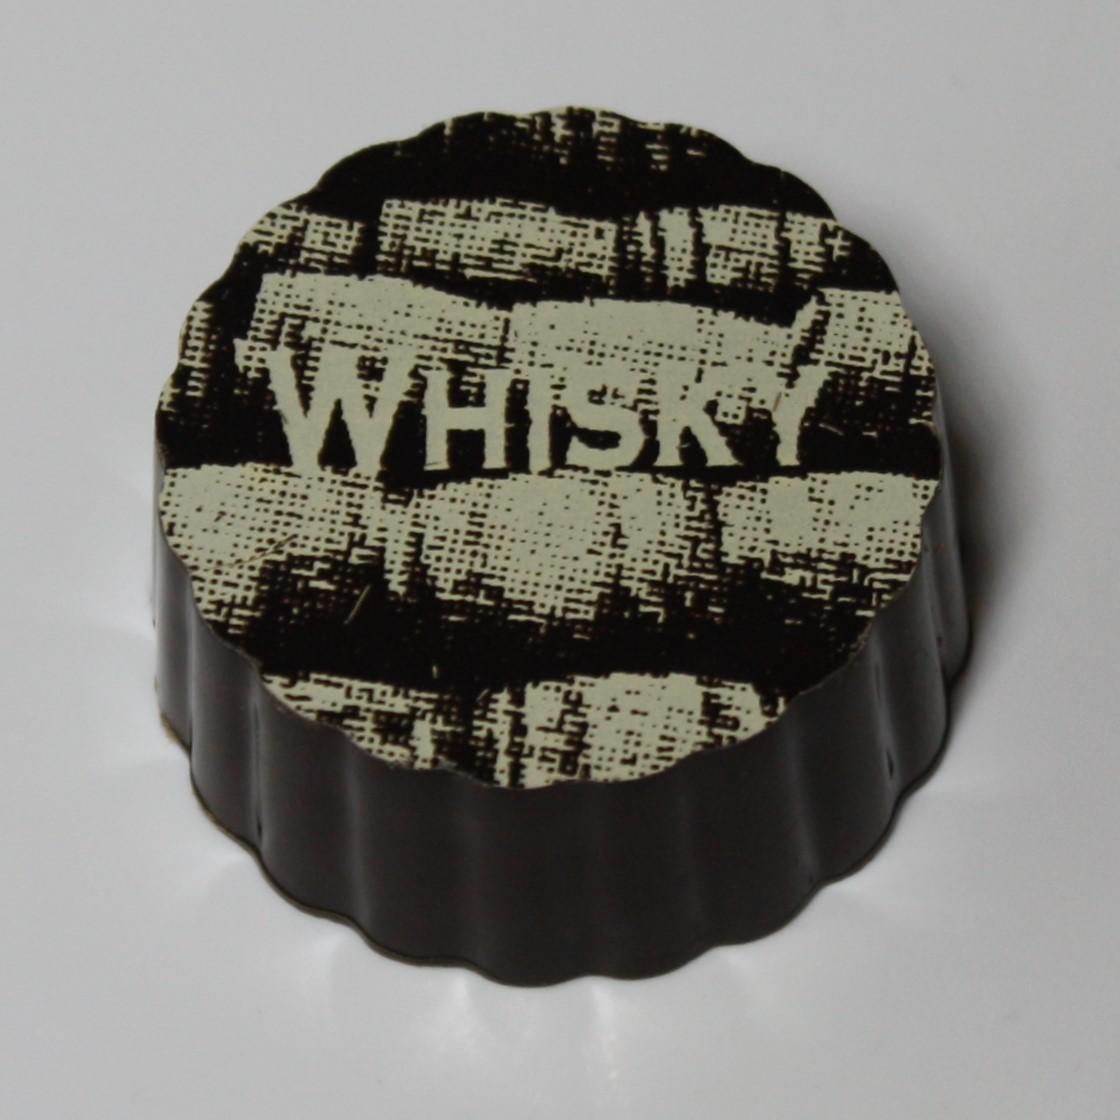 Whisky-puur.JPG
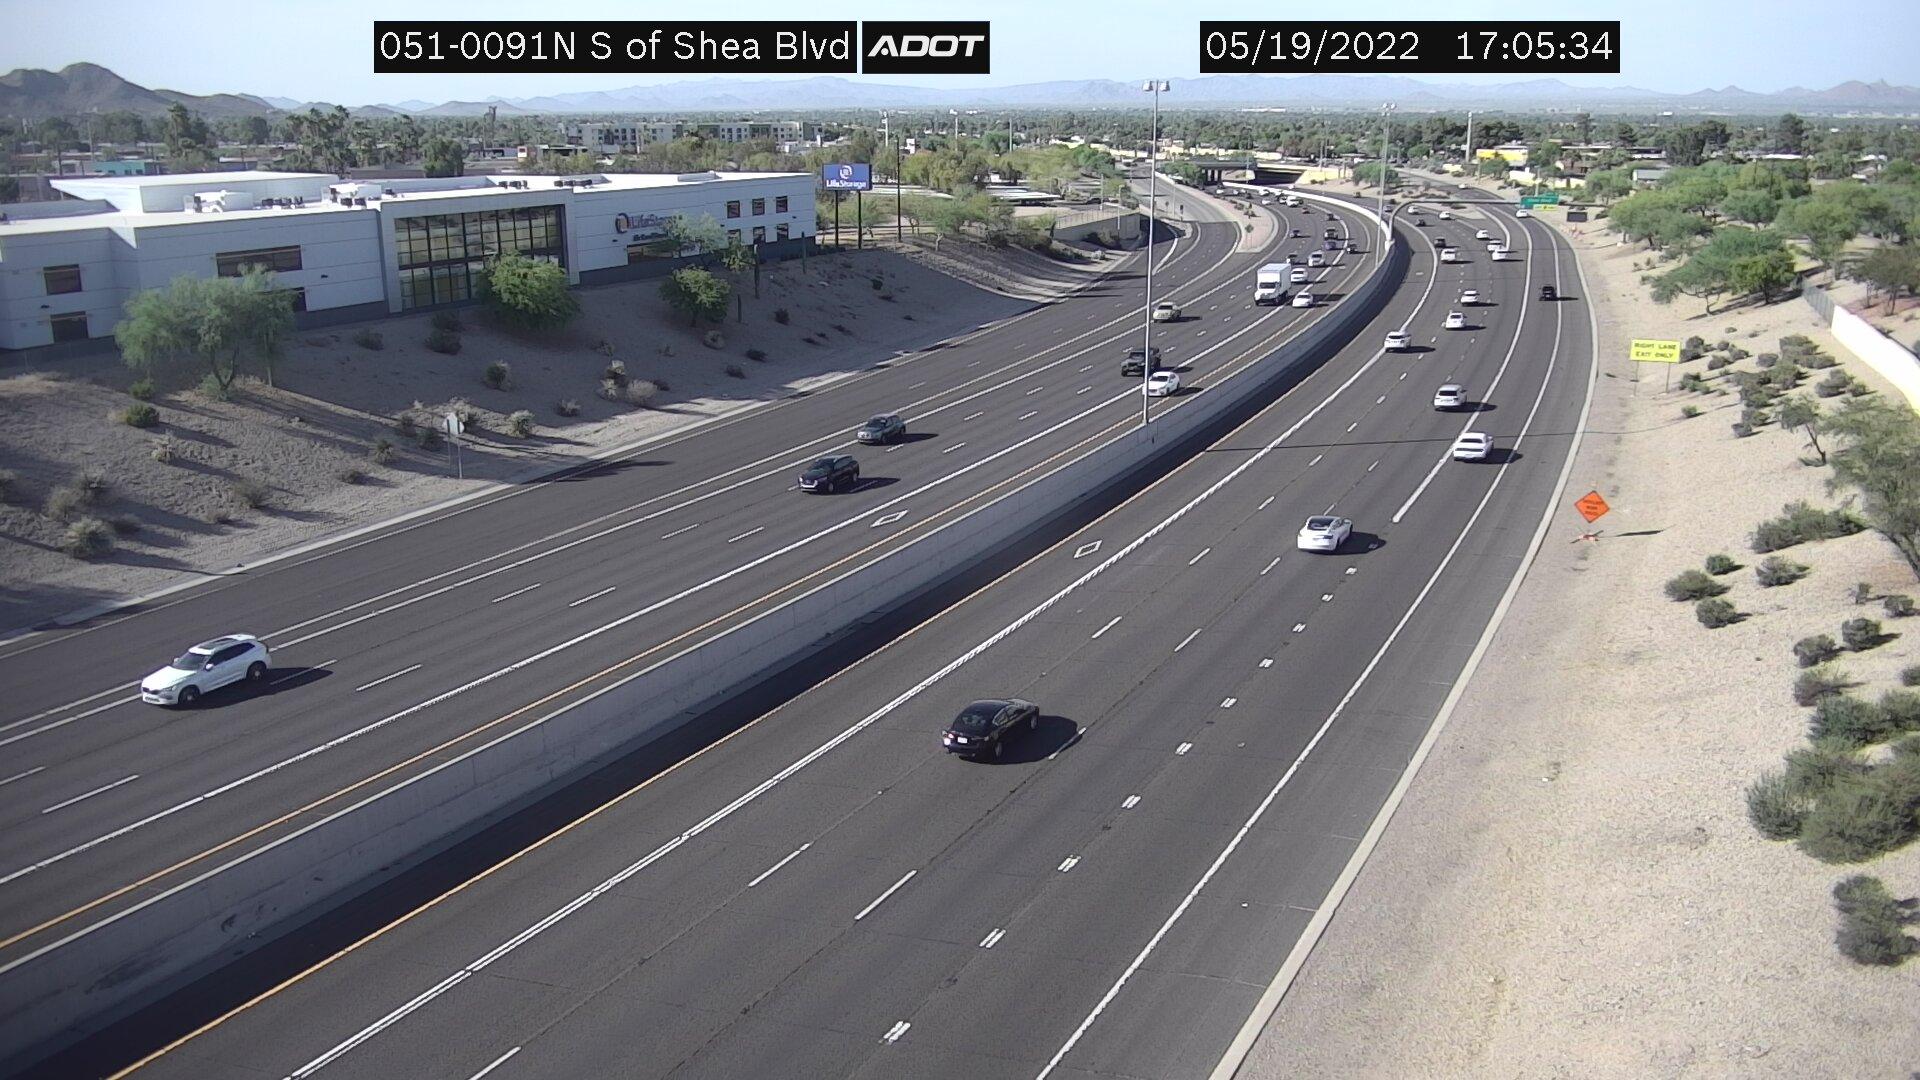 S of Shea NB (SR51) (085) - Phoenix and Arizona
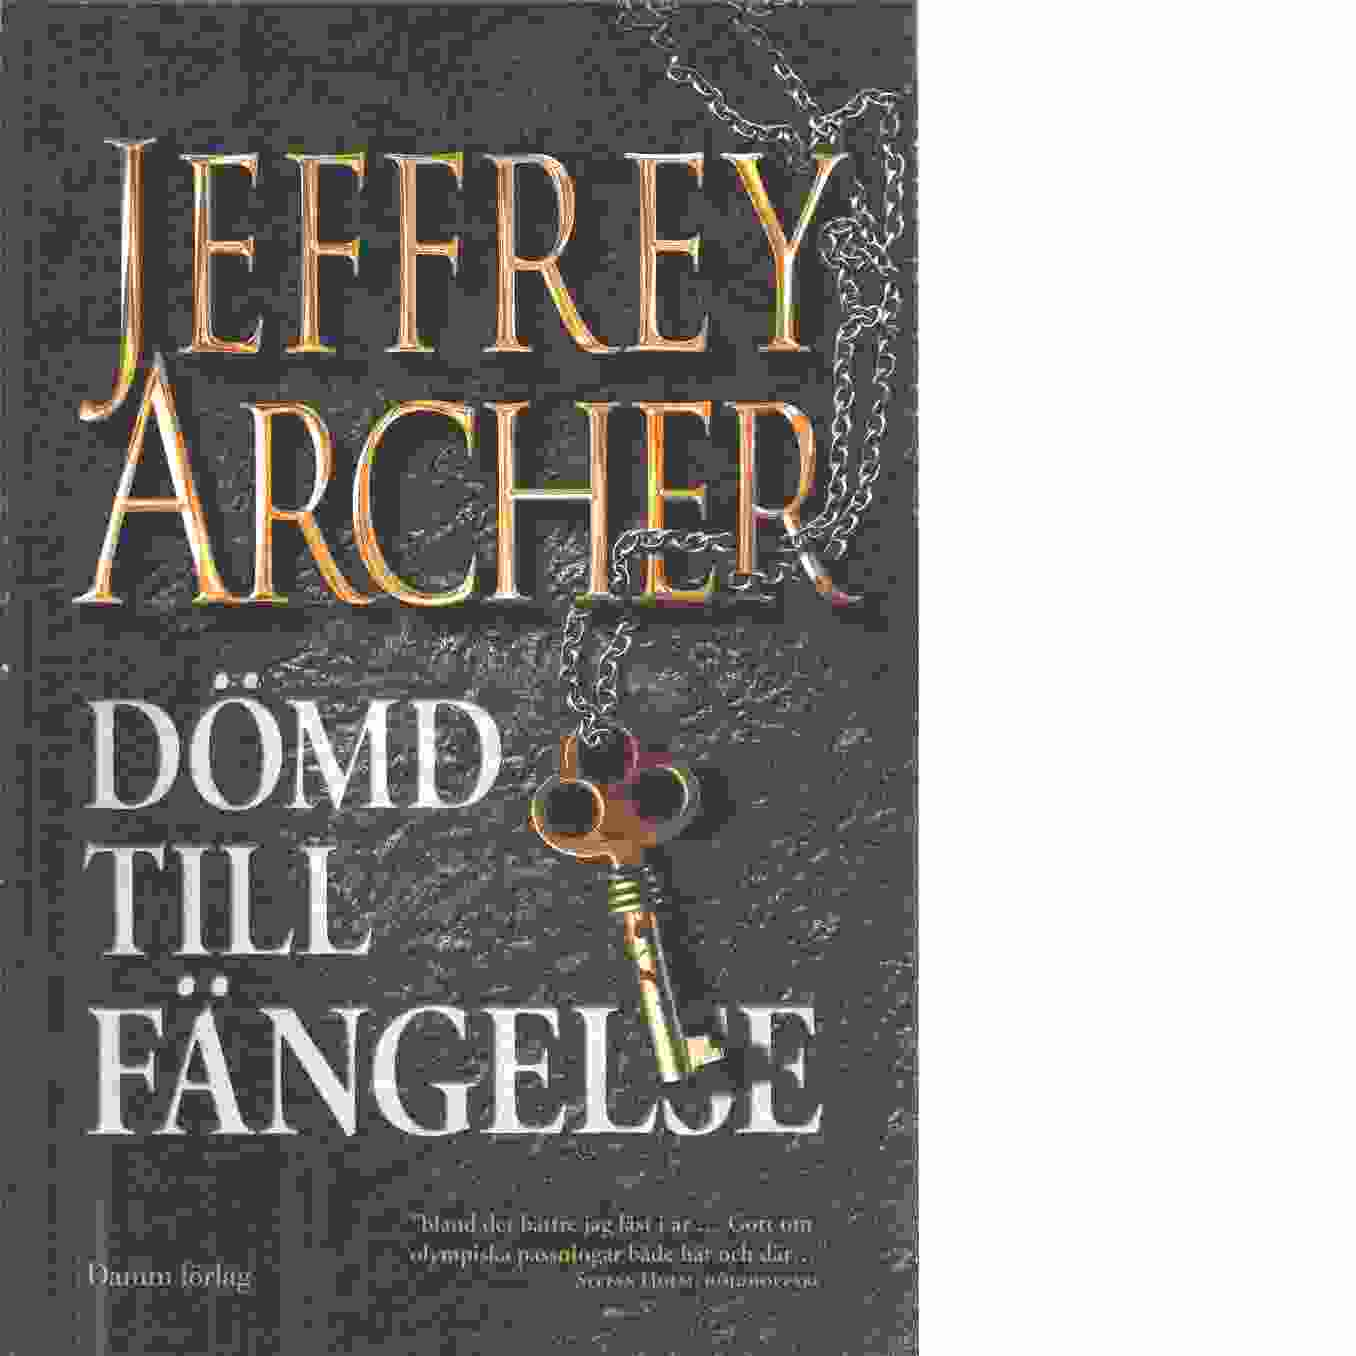 Dömd till fängelse  - Archer, Jeffrey
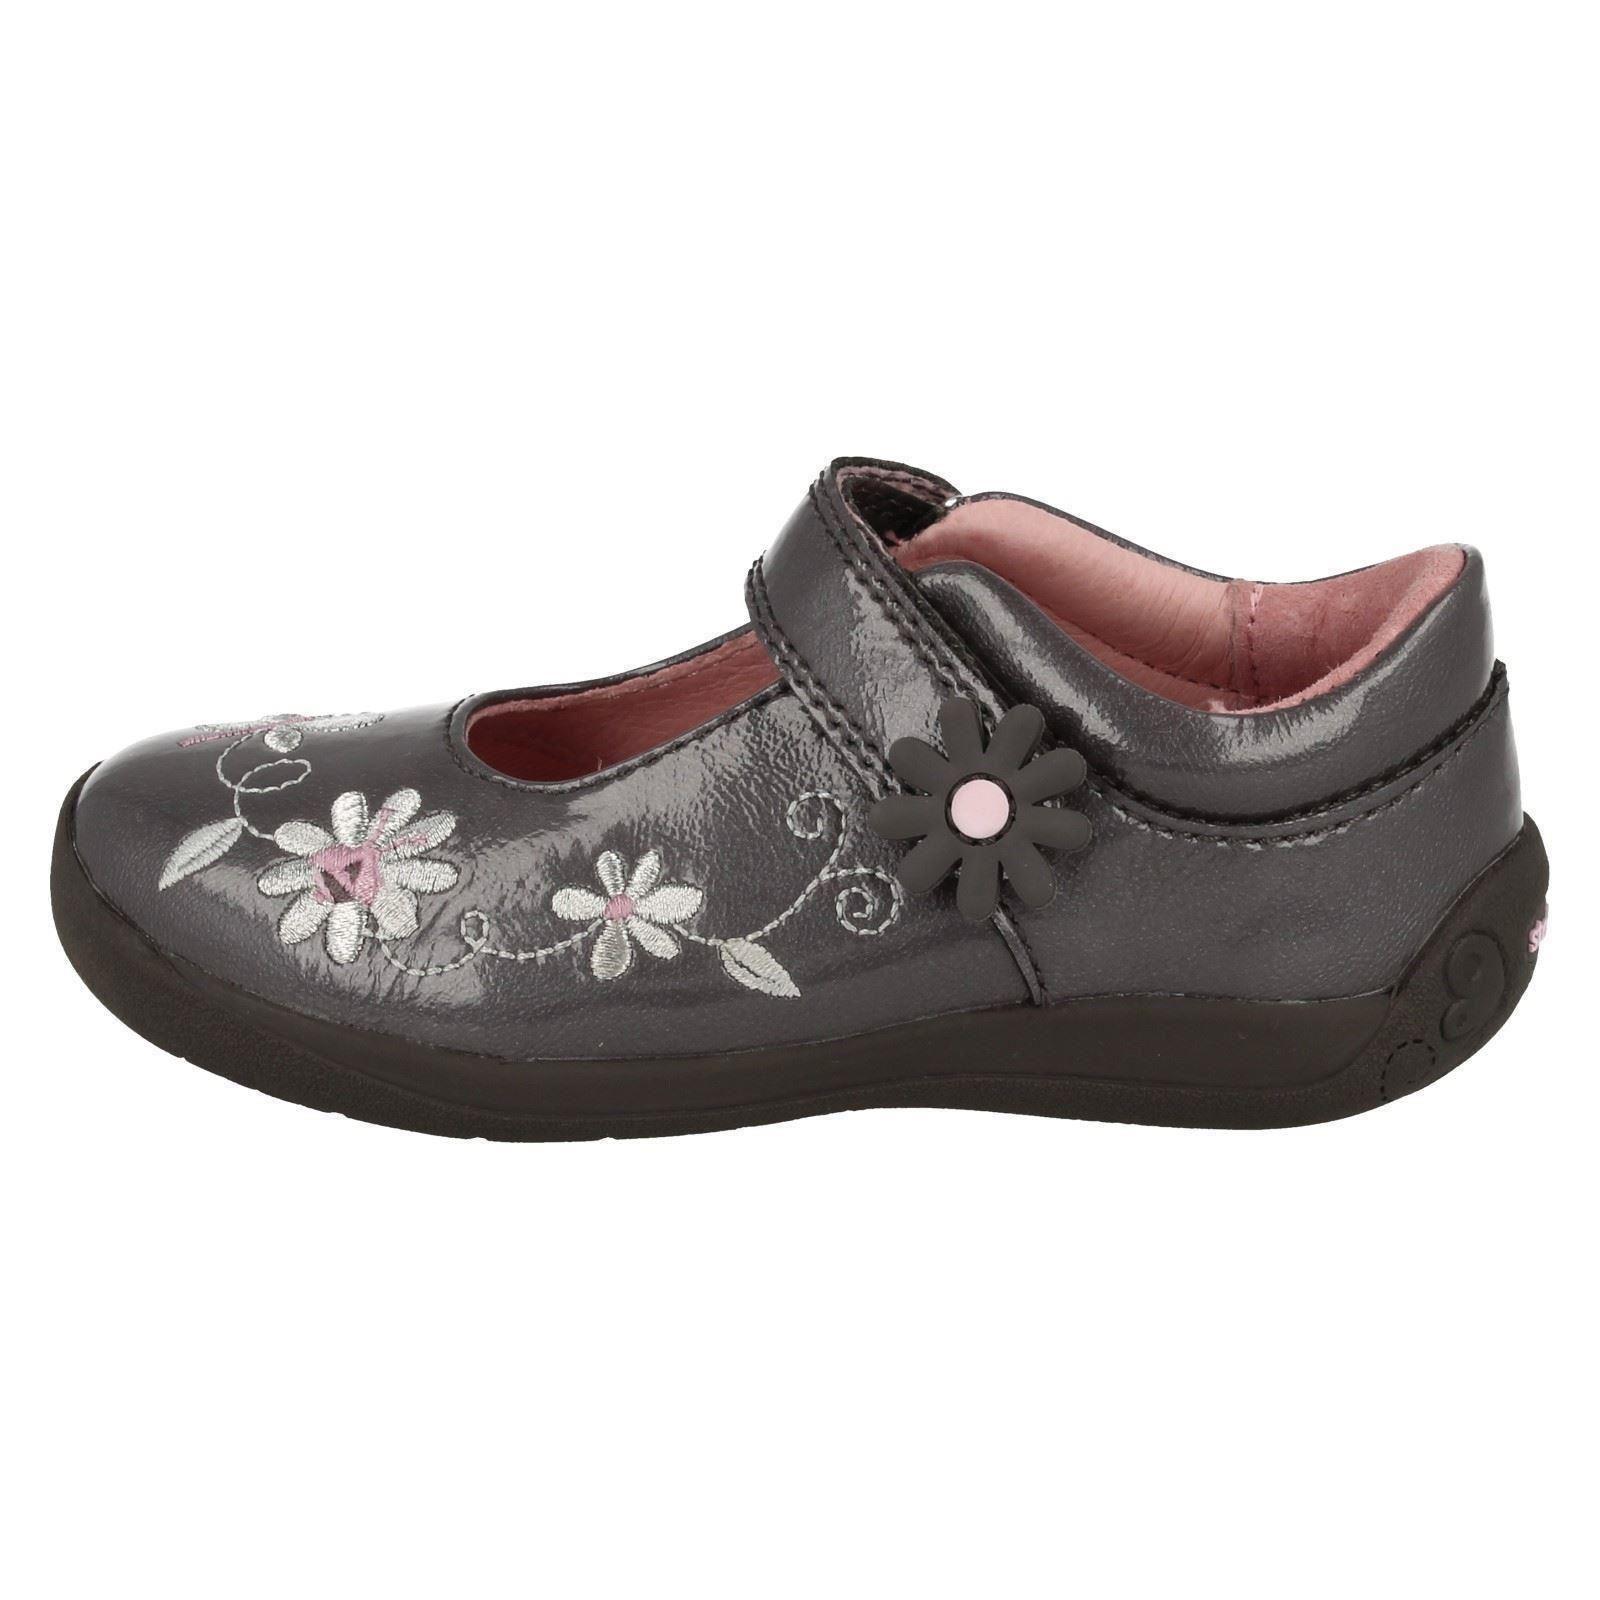 Infant Girls Startrite Flat Shoes Super Soft Honey Bee
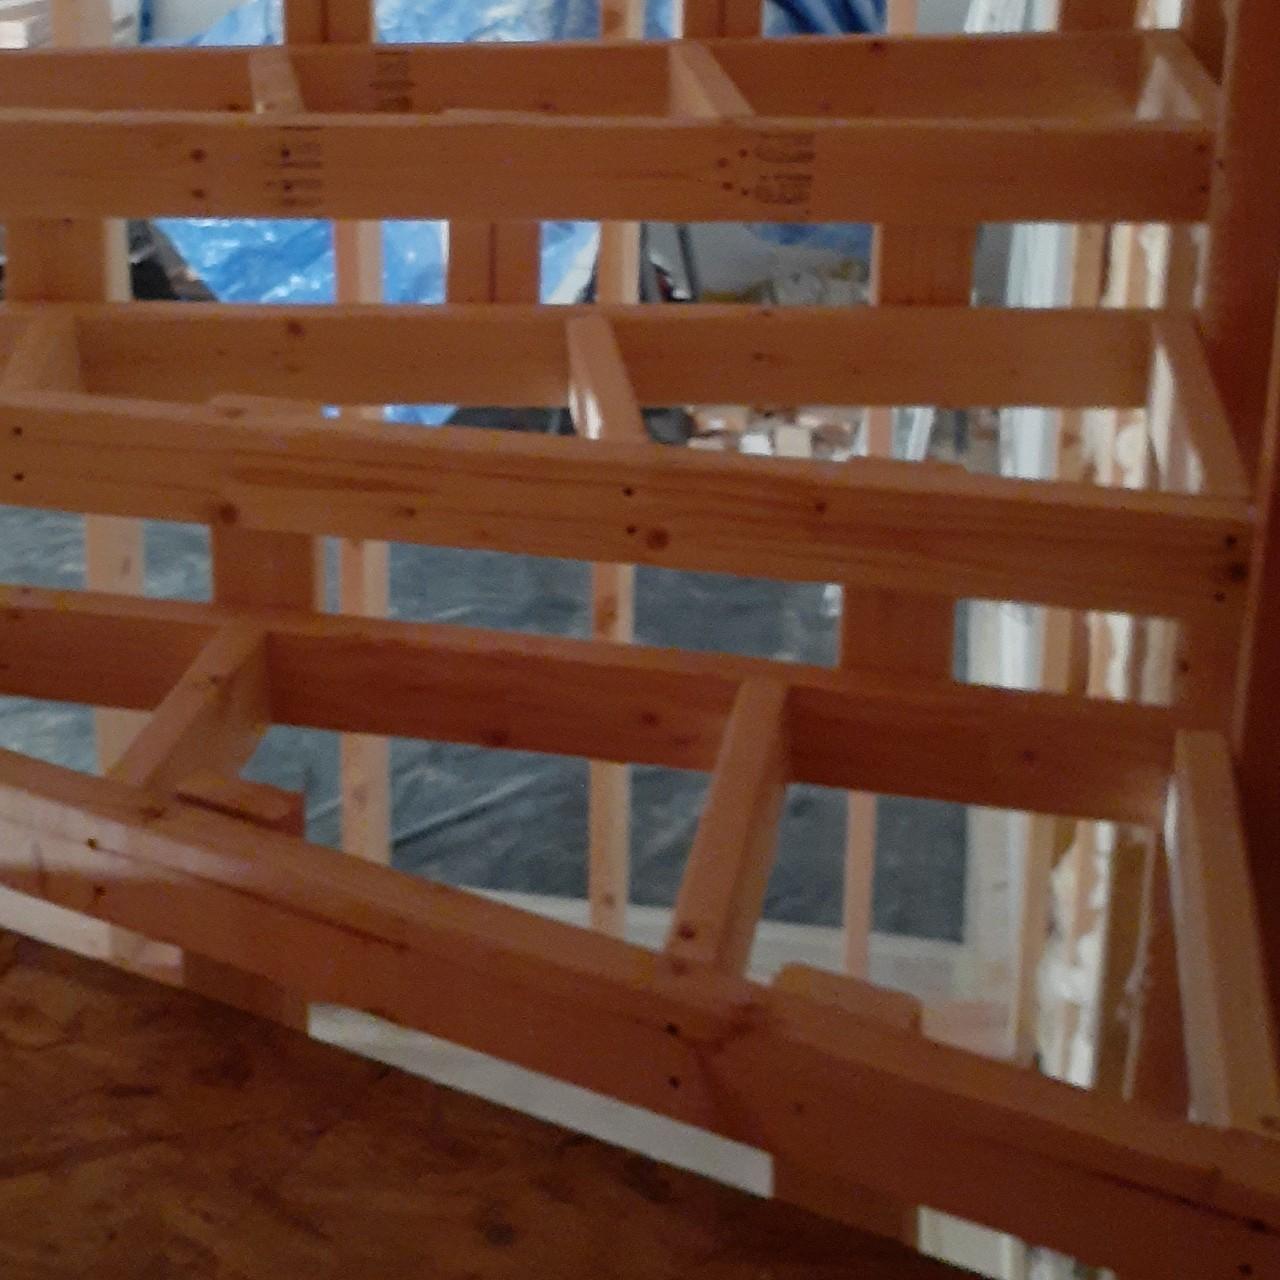 carpentry-wood-framing-second-floor-home-addition--framing-28

» **What you will do**:
Pictures aside, retype all of the entries word for word.

» **Answer to the problem**:
 Whisky-puur.JPG
 S of Shea NB (SR51) (085) - Phoenix and Arizona
 Dömd till fängelse  - Archer, Jeffrey
 Infant Girls Startrite Flat Shoes Super Soft Honey Bee
 carpentry-wood-framing-second-floor-home-addition--framing-28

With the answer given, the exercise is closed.